SOKAKTAKİ YOKSULLUK ÇOK DERİN
Sokaktaki yoksulluk artık çok derinleşmiş durumda. Seçim dönemi sırasında karşılaştığım bir anı, bu durumu daha da somut hale getiriyor: Bir kahvehaneye girdiğimizde, yaşlı erkeklerin oturduğu ortamda 13-14 yaşlarında birkaç kız çocuğunun içeriye girdiğini gördüm. Çocuklar, kahvenin arka tarafında çay yapılan yere yönlendirildikten birkaç dakika sonra ellerinde kullan-at kaplarda sağlıksız hazır makarnalar ile geri döndüler. Kahveciye neden böyle bir durum olduğunu sordum, “Okulda tost fiyatı çok yüksek, çocuklar aç kalmasın diye bu şekilde yardımcı oluyorum,” dedi. O an, çocukların karınlarını doyurmak için böyle savunmasız bir ortamda bulunmak zorunda kalmalarını görmek gerçekten korkunçtu" dedi.

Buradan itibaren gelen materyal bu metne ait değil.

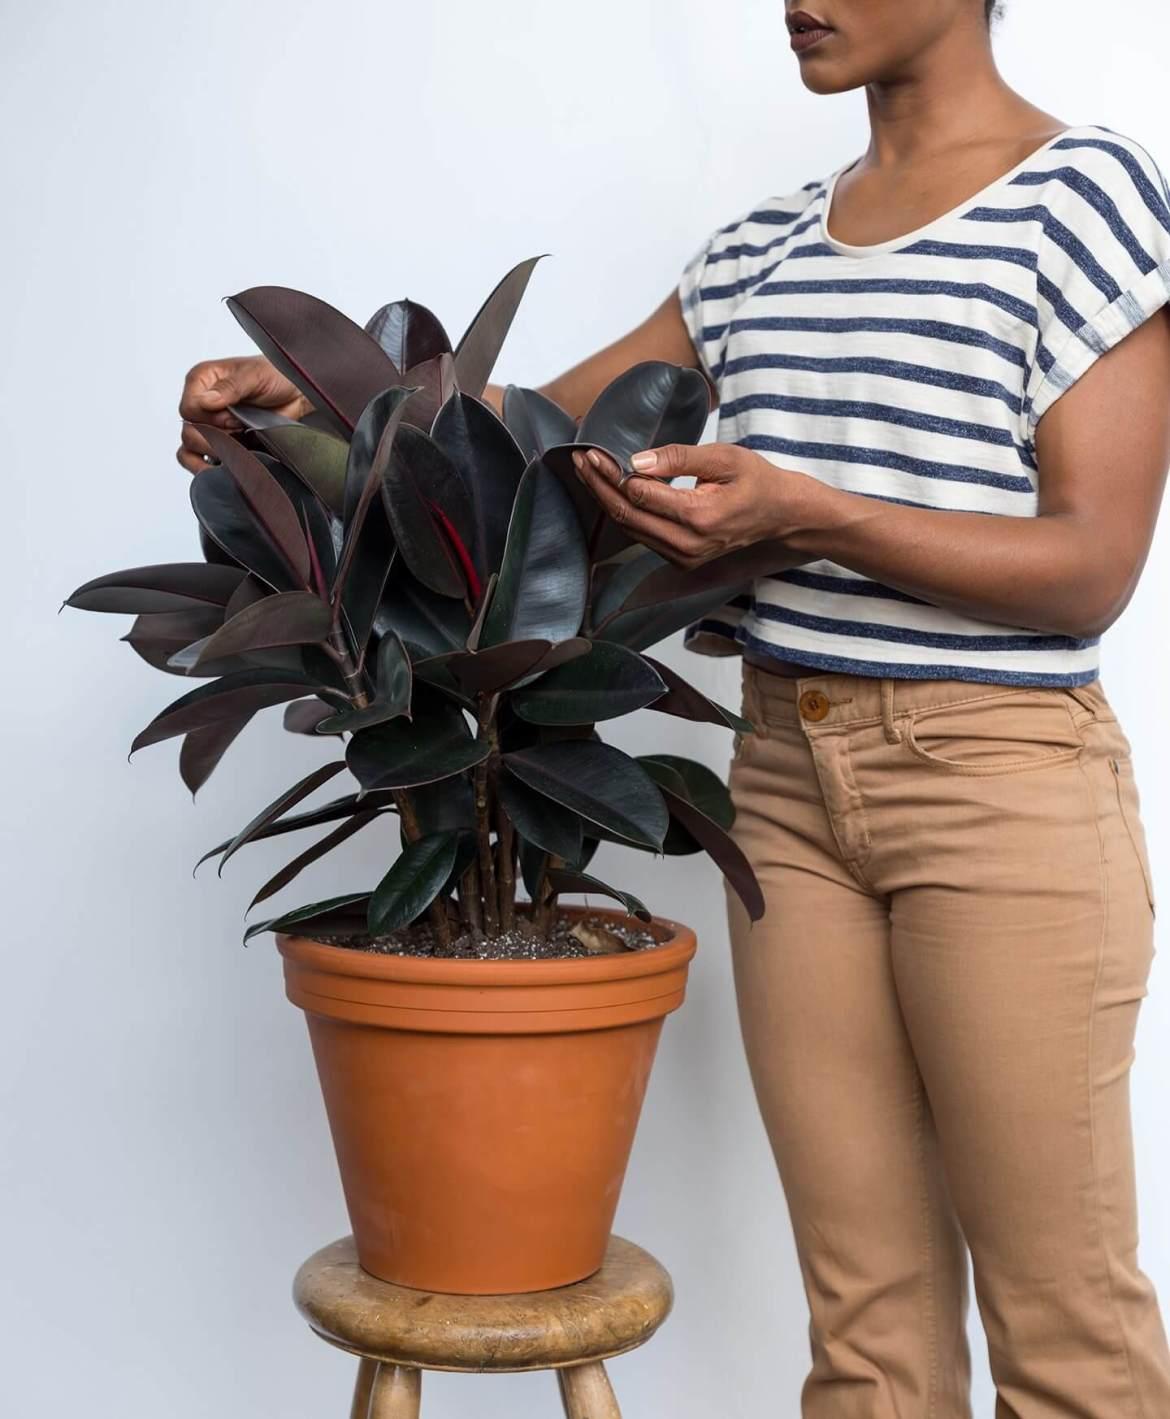 5 Easy Houseplants | Burgundy Rubber Tree Plant | Mass Over Matter

Panelde konuşan Derin Yoksulluk Ağı Kurucusu Hacer Foggo ise 20 yılı aşkın süredir kent yoksulluğu ile ilgilendiğini, ancak hiçbir zaman böyle bir dönem görmediğini dile getirdi. Foggo, "Artık yoksulluk tanımı değişti; çalıştığınız halde yoksullaşıyorsunuz. Emeklisiniz, yoksulsunuz. Çalışıyorsunuz, yine yoksulsunuz. Fabrikada işçisiniz, yoksulsunuz. Hatta beyaz yakalısınız, ama artık beyaz yakalılar bile yoksulluk sınırının altında. Eskiden beyaz yakalılar için yoksul demiyorduk, ancak şu anda özel okul masraflarını karşılamak ya da çocuklarının ihtiyaçlarını gidermek için bile zorlanıyorlar.
EMEKLİLER PAZARA ÇIKMAYA UTANIYOR
Emekliler, pazara çıkmaya utanır hale geldi, ama bu utanmayı da insanlara yükleyen bir sistem var. İnsanların onuruyla oynayan, onları itibarsızlaştıran bir düzen içindeyiz. Kimse artık önümüzdeki yaz hangi tatile gideceğini hayal bile edemiyor. İnsanlar bu hayalleri bile yük olarak görüyor. Eskişehir de dahil olmak üzere birçok şehirde durum aynı. Asgari ücretle kira neredeyse aynı seviyede; üstelik bu kira, 2 odalı bir ev için. İnsanlar, geçimlerini kredi kartları ya da borçlarla sürdürmeye çalışıyorlar. Bu durum, bir döngü halinde devam ediyor.
BU DÖNGÜ DEVAM EDECEK
Beslenme, sadece karın doyurmak değil, sağlıklı beslenmek demektir. Ancak Türkiye’de obezite oranları Dünya Sağlık Örgütü verilerine göre üst sıralarda. Obezite bir zenginlik hastalığı değil, aynı zamanda yetersiz beslenmenin bir sonucudur. İnsanlar bulduklarını yiyor, sağlıksız ve tek tip besleniyorlar. Bu bir döngü; çocuklukta başlayan eşitsizlik, okul çağında derinleşiyor. Bu da çocuk işçiliği gibi sorunları beraberinde getiriyor. Ne yazık ki iktidarın yoksullukla ilgili etkin bir sosyal politikası bulunmuyor. Tam aksine, bu yoksulluğu artıran politikalar uygulanıyor. Anne karnında başlayan eşitsizliğe müdahale edilmedikçe, bu döngü büyümeye devam edecek” şeklinde konuştu.